Taskflows generally consist of tasks that are divided into a few different stages. In the first stage, the tasks collect various bits of information relevant to the alert. This information is then passed to an auditing stage, where the LLM looks for common causes of false positives from our own experience of triaging alerts. After the auditing stage, a bug report is generated using the information gathered. In the actual taskflows, the information gathering and audit stage are sometimes combined into a single task, or they may be separate tasks, depending on how complex the task is.

To ensure that the generated report has sufficient information for a human auditor to make a decision, an extra step checks that the report has the correct formatting and contains the correct information. After that, a GitHub Issue is created, ready to be reviewed.
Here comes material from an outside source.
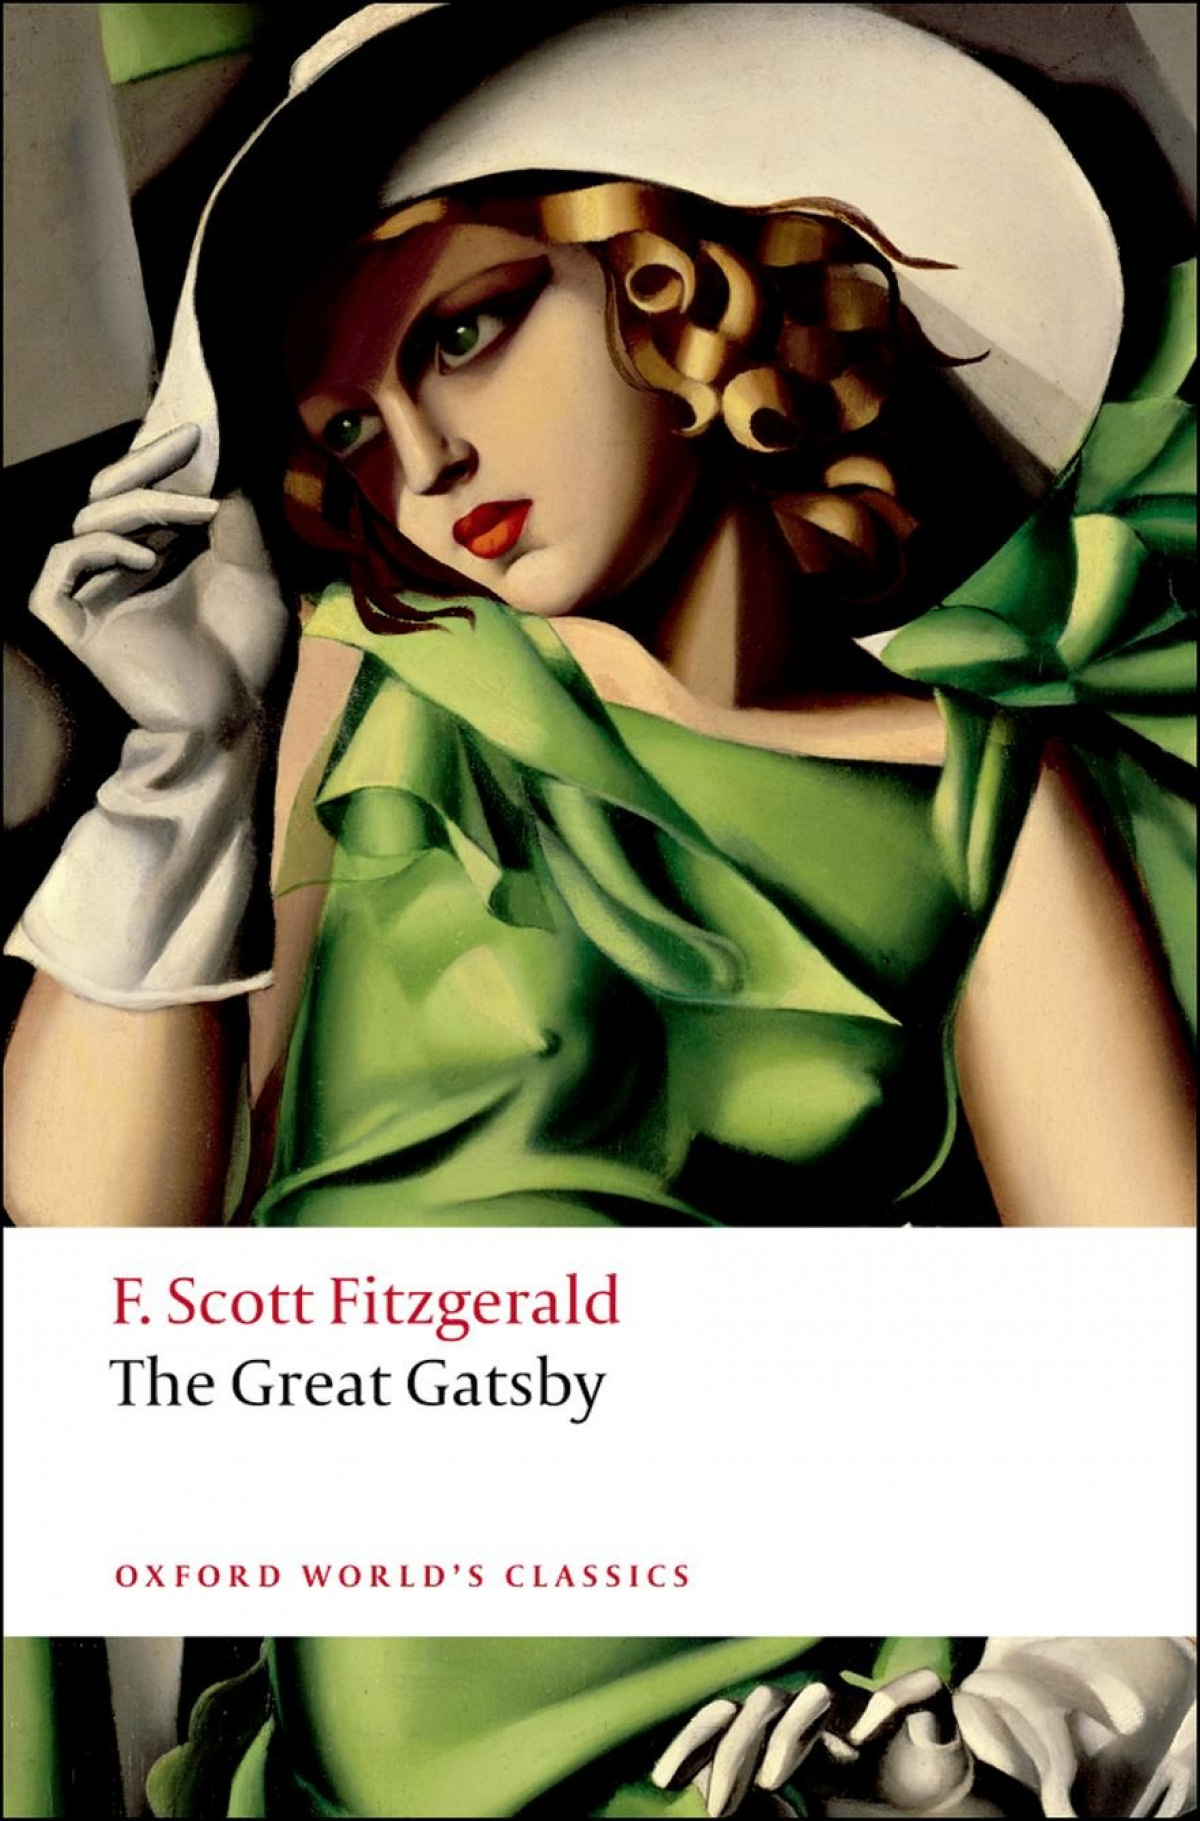 Oxford Worlds Classics: The Great Gatsby - Fitzgerald, F. Scott

Creating a GitHub Issue not only makes it easy for us to review the results, but also provides a way to extend the analysis. After reviewing and checking the issues, we often find that there are causes for false positives that we missed during the auditing process. Also, if the agent determines that the alert is valid, but the human reviewer disagrees and finds that it’s a false positive for a reason that was unknown to the agent so far, the human reviewer can document this as an alert dismissal reason or issue comment. When the agent analyzes similar cases in the future, it will be aware of all the past analysis stored in those issues and alert dismissal reasons, incorporate this new intelligence in its knowledge base, and be more effective at detecting false positives.

Information collection

During this stage, we instruct the LLM (examples are provided in the Triage examples section below) to collect relevant information about the alert, which takes into account the threat model and human knowledge of the alert in general. For example, in the case of GitHub Actions alerts, it will look at what permissions are set in the GitHub workflow file, what are the events that trigger the GitHub workflow, whether the workflow is disabled, etc. These generally involve independent tasks that follow simple, well-defined instructions to ensure the information collected is consistent. For example, checking whether a GitHub workflow is disabled involves making a GitHub API call via an MCP server.
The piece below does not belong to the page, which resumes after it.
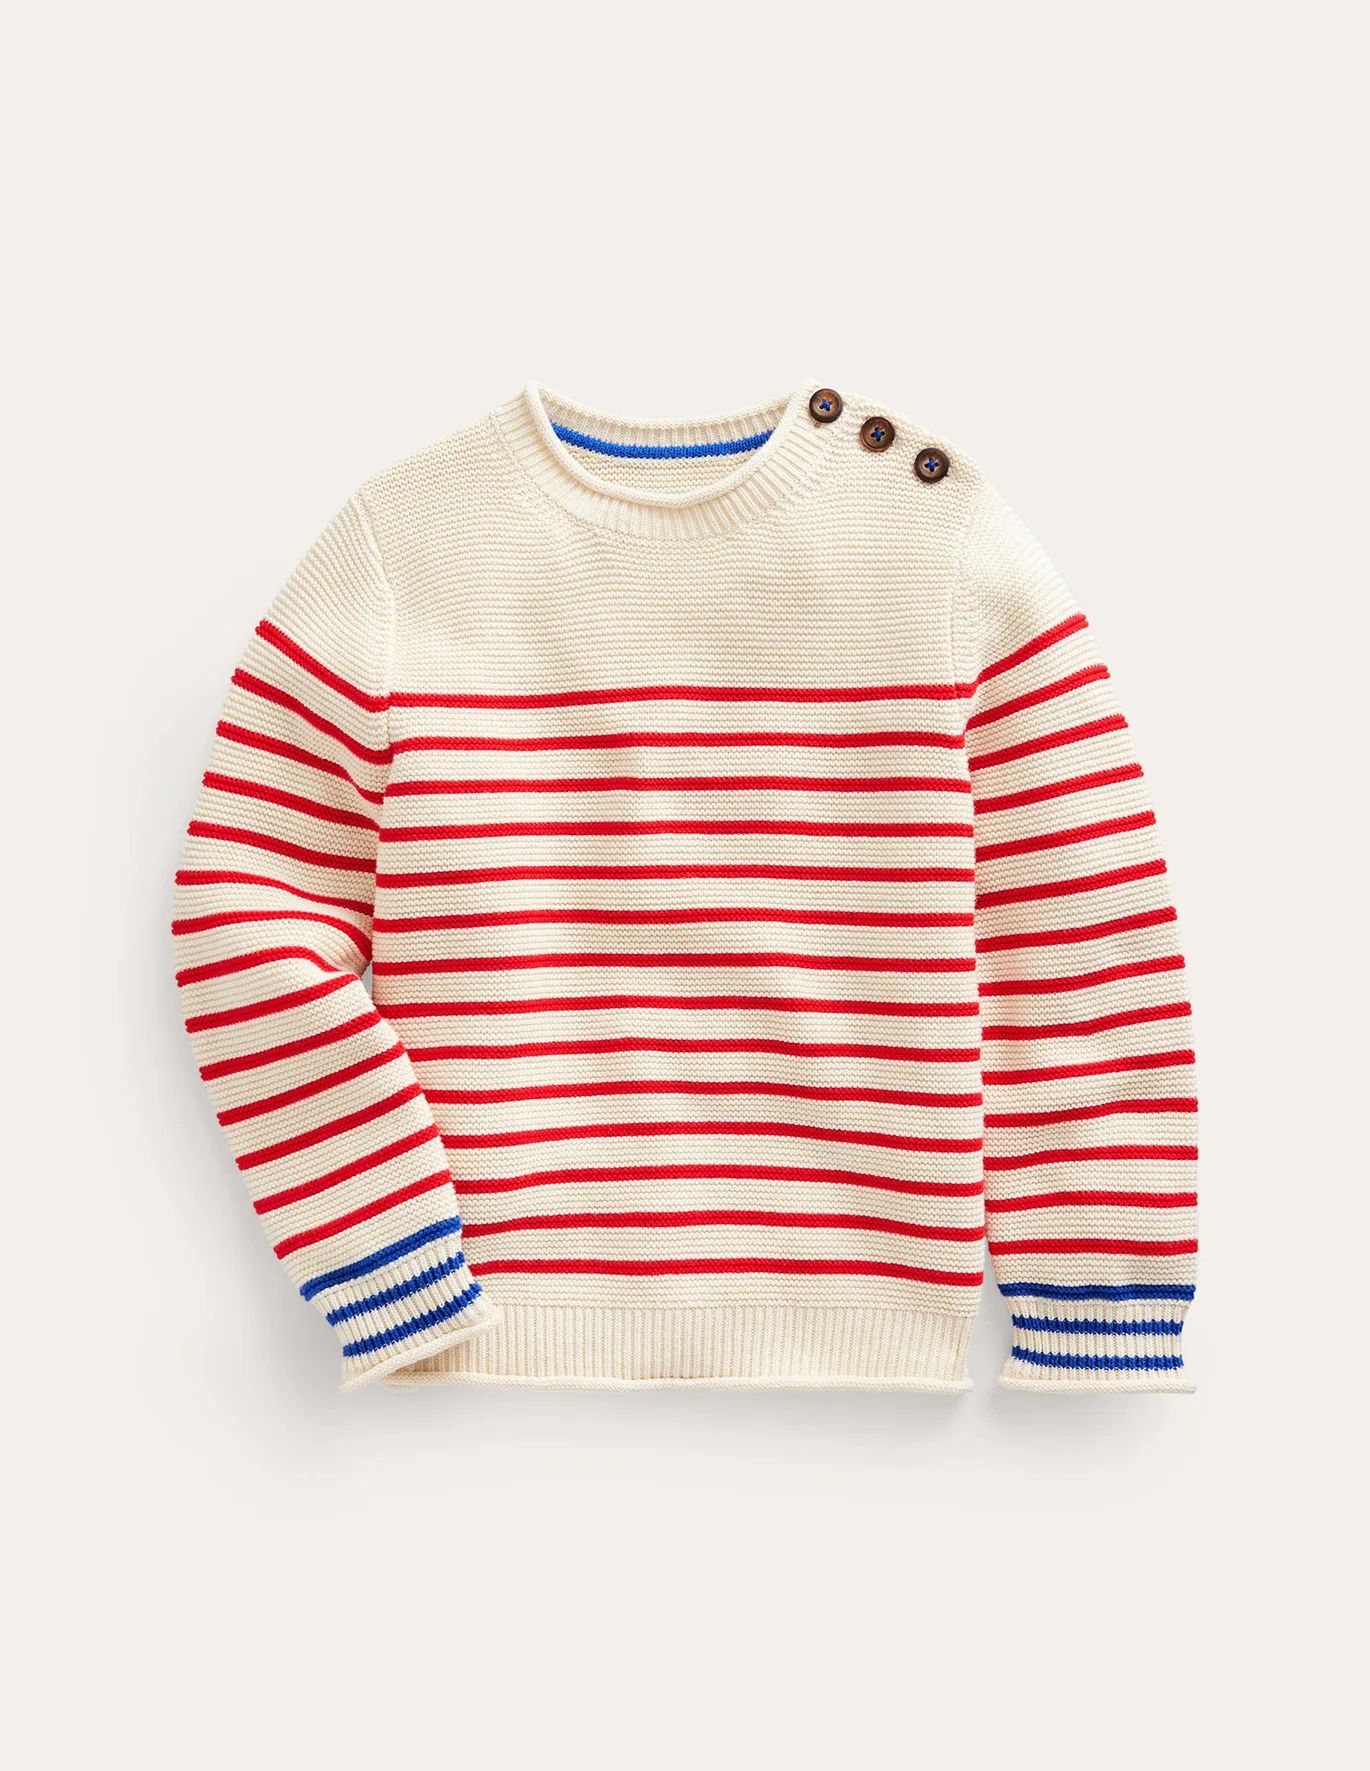 Nautical Stripe Sweater - Ecru Marl and Jam Red Stripe | Boden (US)

To ensure that the information collected is accurate and to reduce hallucination, we instruct the LLM to include precise references to the source code that includes both file and line number to back up the information it collected:

You should include the line number where the untrusted code is invoked, as well as the untrusted code or package manager that is invoked in the notes.

Each task then stores the information it collected in audit notes, which are kind of a running commentary of an alert. Once the task is completed, the notes are serialized to a database which the next task can then append their notes to when it is done.

In general, each of the information gathering tasks is independent of each other and does not need to read each other’s notes. This helps each task to focus on its own scope without being distracted by previously collected information.

The end result is a “bag of information” in the form of notes associated with an alert that is then passed to the auditing tasks.

Audit issue

At this stage, the LLM goes through the information gathered and performs a list of specific checks to reject alert results that turned out to be false positives. For example, when triaging a GitHub Actions alert, we may have collected information about the events that trigger the vulnerable workflow. In the audit stage, we’ll check if these events can be triggered by an attacker or if they run in a privileged context. After this stage, a lot of the false positives that are obvious to a human auditor will be removed.

Decision-making and report generation

For alerts that have made it through the auditing stage, the next step is to create a bug report using the information gathered, as well as the reasoning for the decision at the audit stage. Again, in our prompt, we are being very precise about the format of the report and what information we need. In particular, we want it to be concise but also include information that makes it easy for us to verify the results, with precise code references and code blocks.

The report generated uses the information gathered from the notes in previous stages and only looks at the source code to fetch code snippets that are needed in the report. No further analysis is done at this stage. Again, the very strict and precise nature of the tasks reduces the amount of hallucination.

Report validation and issue creation

After the report is written, we instruct the LLM to check the report to ensure that all the relevant information is contained in the report, as well as the consistency of the information:

Check that the report contains all the necessary information:
- This criteria only applies if the workflow containing the alert is a reusable action AND has no high privileged trigger. 
You should check it with the relevant tools in the gh_actions toolbox.
If that's not the case, ignore this criteria.
In this case, check that the report contains a section that lists the vulnerable action users. 
If there isn't any vulnerable action users and there is no high privileged trigger, then mark the alert as invalid and using the alert_id and repo, then remove the memcache entry with the key {{ RESULT_key }}.

Missing or inconsistent information often indicates hallucinations or other causes of false positives (for example, not being able to track down an attacker controlled input). In either case, we dismiss the report.

If the report contains all the information and is consistent, then we open a GitHub Issue to track the alert.

Issue review and repo-specific knowledge

The GitHub Issue created in the previous step contains all the information needed to verify the issue, with code snippets and references to lines and files. This provides a kind of “checkpoint” and a summary of the information that we have, so that we can easily extend the analysis.

In fact, after creating the issue, we often find that there are repo-specific permission checks or sanitizers that render the issue a false positive. We are able to incorporate these problems by creating taskflows that review these issues with repo-specific knowledge added in the prompts. One approach that we’ve experimented with is to collect dismissal reasons for alerts in a repo and instruct the LLM to take into account these dismissal reasons and review the GitHub issue. This allows us to remove false positives due to reasons specific to a repo.

In this case, the LLM is able to identify the alert as false positive after taking into account a custom check-run permission check that was recorded in the alert dismissal reasons.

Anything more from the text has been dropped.